Божеству отвергнуть путь страданий. Будучи человеком, Он мог не пойти в пустыню и тем самым не мучиться от голода, мог не изгонять торгующих из храма, чтобы не вызывать их злобы, мог не идти в Гефсиманский сад, чтобы избегнуть пленения и т. д., но Он добровольно не уклоняется от этого. Будучи Богом, Он мог сделать камни в пустыне хлебами и избавиться от голода, мог призвать более чем двенадцать легионов ангелов и освободиться от бравших Его в плен, Он всегда мог преодолеть всё, уничижительное для Него, силою Своего Божества, но никогда не шел на это. В таком непрестанном самоотвержении от Своего всемогущества по Божеству и совершенства по человечеству и проявилась добровольность Его уничижения и подвига[602]
.Православное учение о спасении рода человеческого через страдания и уничижение Сына Божия хорошо изложено святым Львом Великим. Он указывал, что уничижительное состояние было воспринято Господом не только для уничтожения греха и духовного обновления мира, но и для того, чтобы стать доступным в общении с немощным человеческим родом: «Следуя нашей немощи, Господь умалил Себя ради не могущих вместить Его и скрыл под покровом тела великолепие Своего величия, ибо не могло оно переноситься зрением людей. Потому еще говорится, что Он Себя уничижил[603]

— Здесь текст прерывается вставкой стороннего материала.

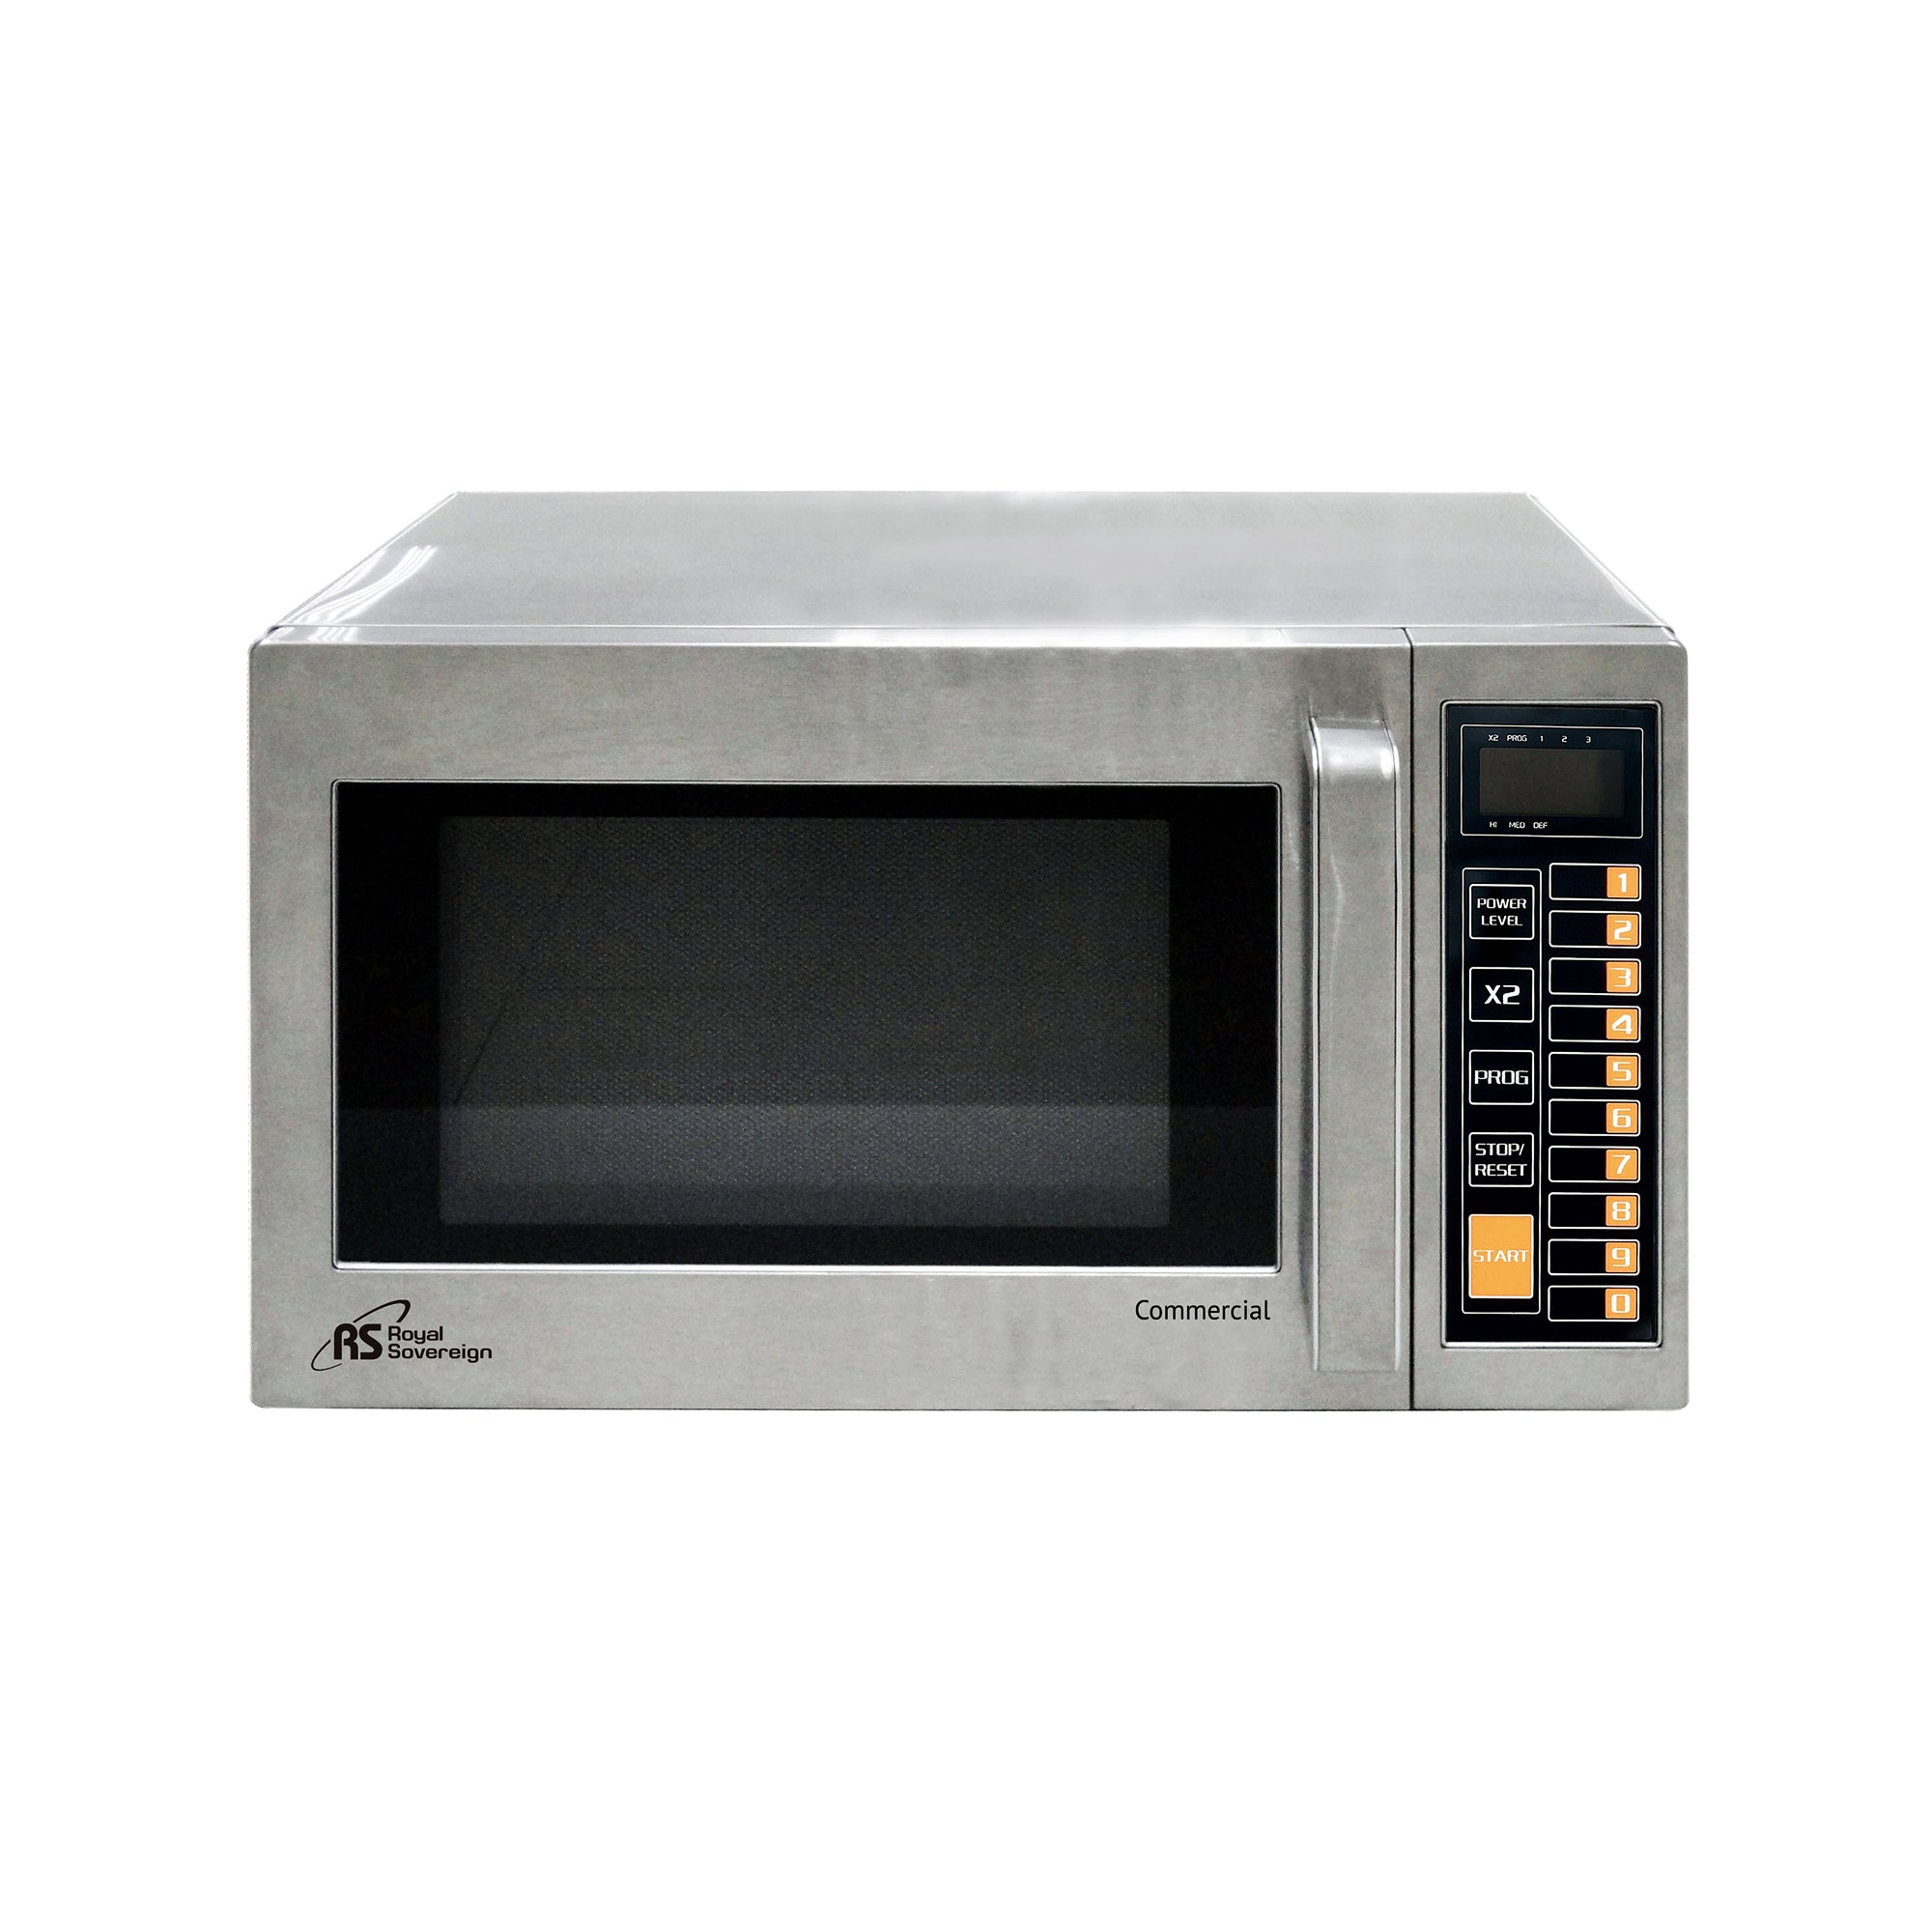 RCMW1000-25SS, 0.9 Cubic Ft, 1000W COMMERCIAL Microwave Oven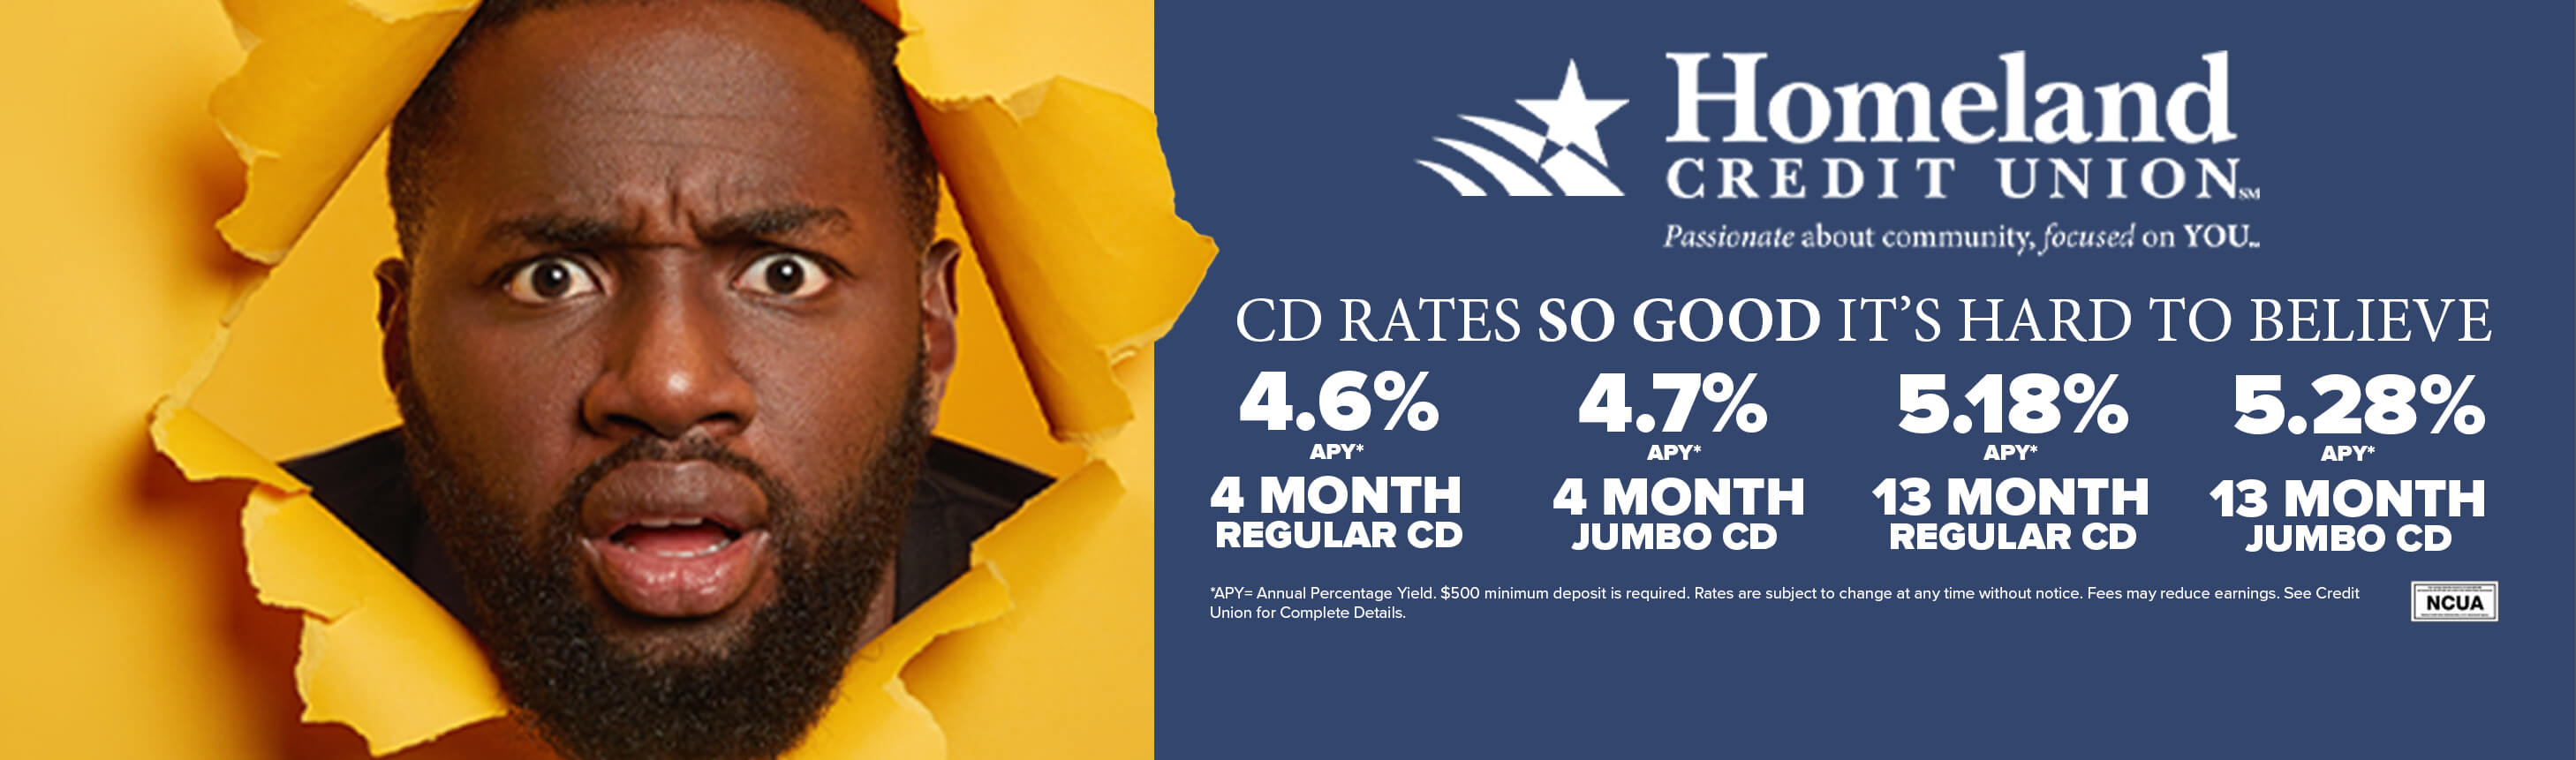 CD rates so good it's hard to believe. 4.6% APY 4 month regular cd. 4.7%APY 4 month jumbo CD. 5.18% APY 13 month regular CD. 5.28% APY jumbo cd. *APY = Annual Percentage Yield. $500 minimum deposit is required. Rates are subject to change at any time without prior notice. Fees may reduce earnings. See Credit Union for complete details.

, т. е. как бы ослабил Себя Своей собственной силой»[604]. Через уничижение и страдание «совершенно безгрешного» Человека была сокрушена сила родоначальника греха: «Господь вступает в борьбу со свирепейшим врагом не в Своем величии, а в нашем смирении, представ перед диаволом в том же самом облике и в той же самой природе, причастной и нашей смертности, но совершенно безгрешной. Конечно, для этого Рождения чуждо то, что говорится обо всех: „Никто не чист от скверны, даже младенец, который хоть один день проживет на земле“[605]. Поэтому не перешло на это единственное Рождение ничто от плотской похоти, ничто от закона греховного не коснулось его»[606].В течение Своей земной жизни только однажды перед тремя избранными учениками и в той мере, насколько они могли вместить таинственное для них откровение, Господь явил истинное величие и славу Своего совершенного обоженного человеческого естества и тем самым засвидетельствовал добровольность Своего уничижения. В кондаке праздника Преображения Господа хорошо раскрыты оба этих аспекта: «На горе преобразился еси, и якоже вмещаху ученицы Твои, славу Твою, Христе Боже, видеша; да егда Тя узрят распинаема, страдание убо уразумеют вольное, мирови же проповедят, яко Ты еси воистинну Отчее сияние». Как точно отметил В. Н. Лосский: «Праздник Преображения, особенно почитаемый Православной Церковью, может служить ключом к пониманию человечества Христа, по учению Восточной Церкви»[607]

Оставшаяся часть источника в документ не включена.